I'm trying to build caffe for Python 3.6 using the provided cmake.
My system specs:
- Python 3.6.5, Anaconda custom (64-bit)
- Mac OS 10.13.6
- No CUDA
I've installing boost with brew, e.g.
brew install boost boost-python3
I can see the boost libraries using
find / -name libboost* 2>/dev/null.
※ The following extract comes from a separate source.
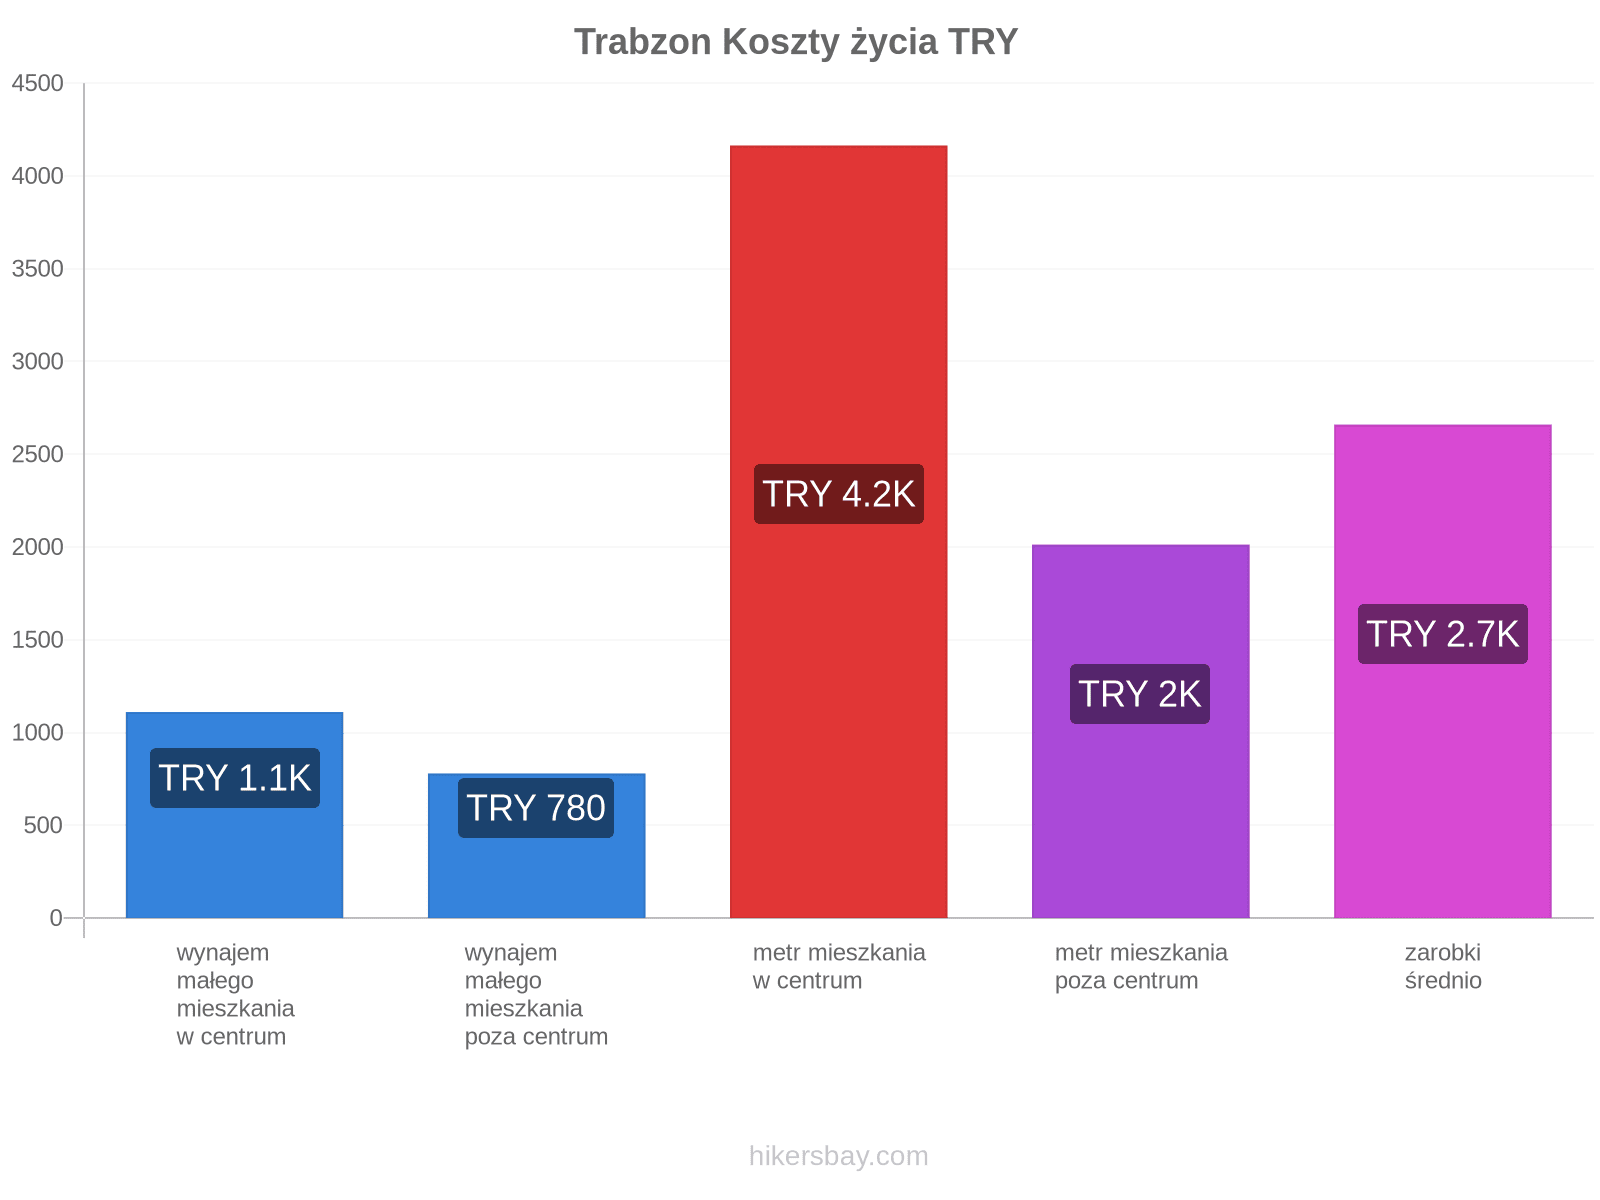 Trabzon koszty życia hikersbay.com
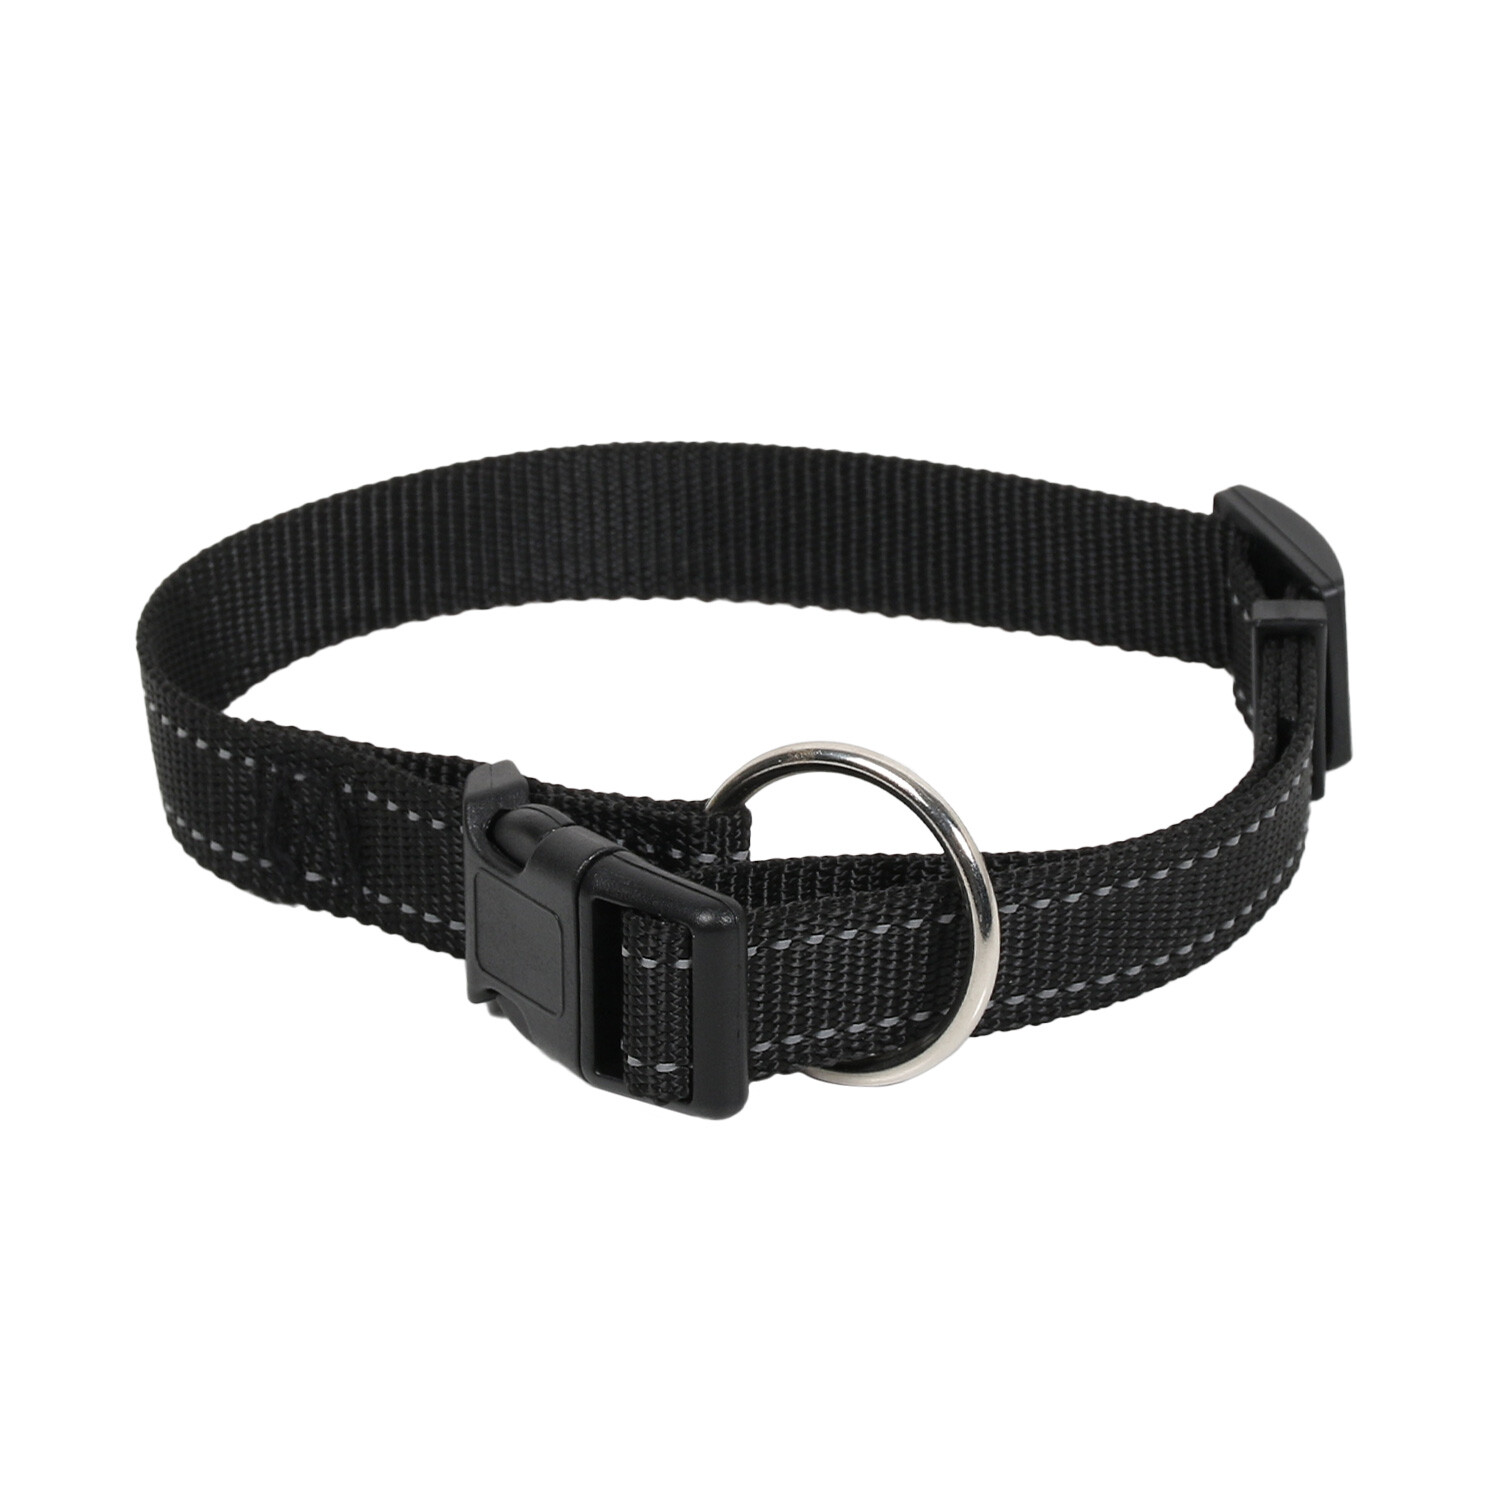 Reflective Nylon Dog Collar - Black / Small Image 1

They occur in three directories
/usr/local/lib/-> symlink to above
- boost-python3 is in
If I run
cmake -DCMAKE_PREFIX_PATH=<anaconda_env_path> -D python_version=3, I get this at the top of the output
-- Boost version: 1.67.0 -- Found the following Boost libraries: -- system -- thread -- filesystem -- chrono -- date_time -- atomic
But further down, I also get
CMake Warning at /Users/Mauceri/anaconda/share/cmake-3.11/Modules/FindBoost.cmake:1723 (message): No header defined for python-py365; skipping header check Call Stack (most recent call first): cmake/Dependencies.cmake:157 (find_package) CMakeLists.txt:49 (include) -- Could NOT find Boost CMake Warning at /Users/Mauceri/anaconda/share/cmake-3.11/Modules/FindBoost.cmake:1723 (message): No header defined for python-py36; skipping header check Call Stack (most recent call first): cmake/Dependencies.cmake:164 (find_package) CMakeLists.txt:49 (include) -- Could NOT find Boost CMake Warning at /Users/Mauceri/anaconda/share/cmake-3.11/Modules/FindBoost.cmake:1723 (message): No header defined for python-py3; skipping header check Call Stack (most recent call first): cmake/Dependencies.cmake:164 (find_package) CMakeLists.txt:49 (include) -- Could NOT find Boost -- Could NOT find Boost -- Python interface is disabled or not all required dependencies found. Building without it...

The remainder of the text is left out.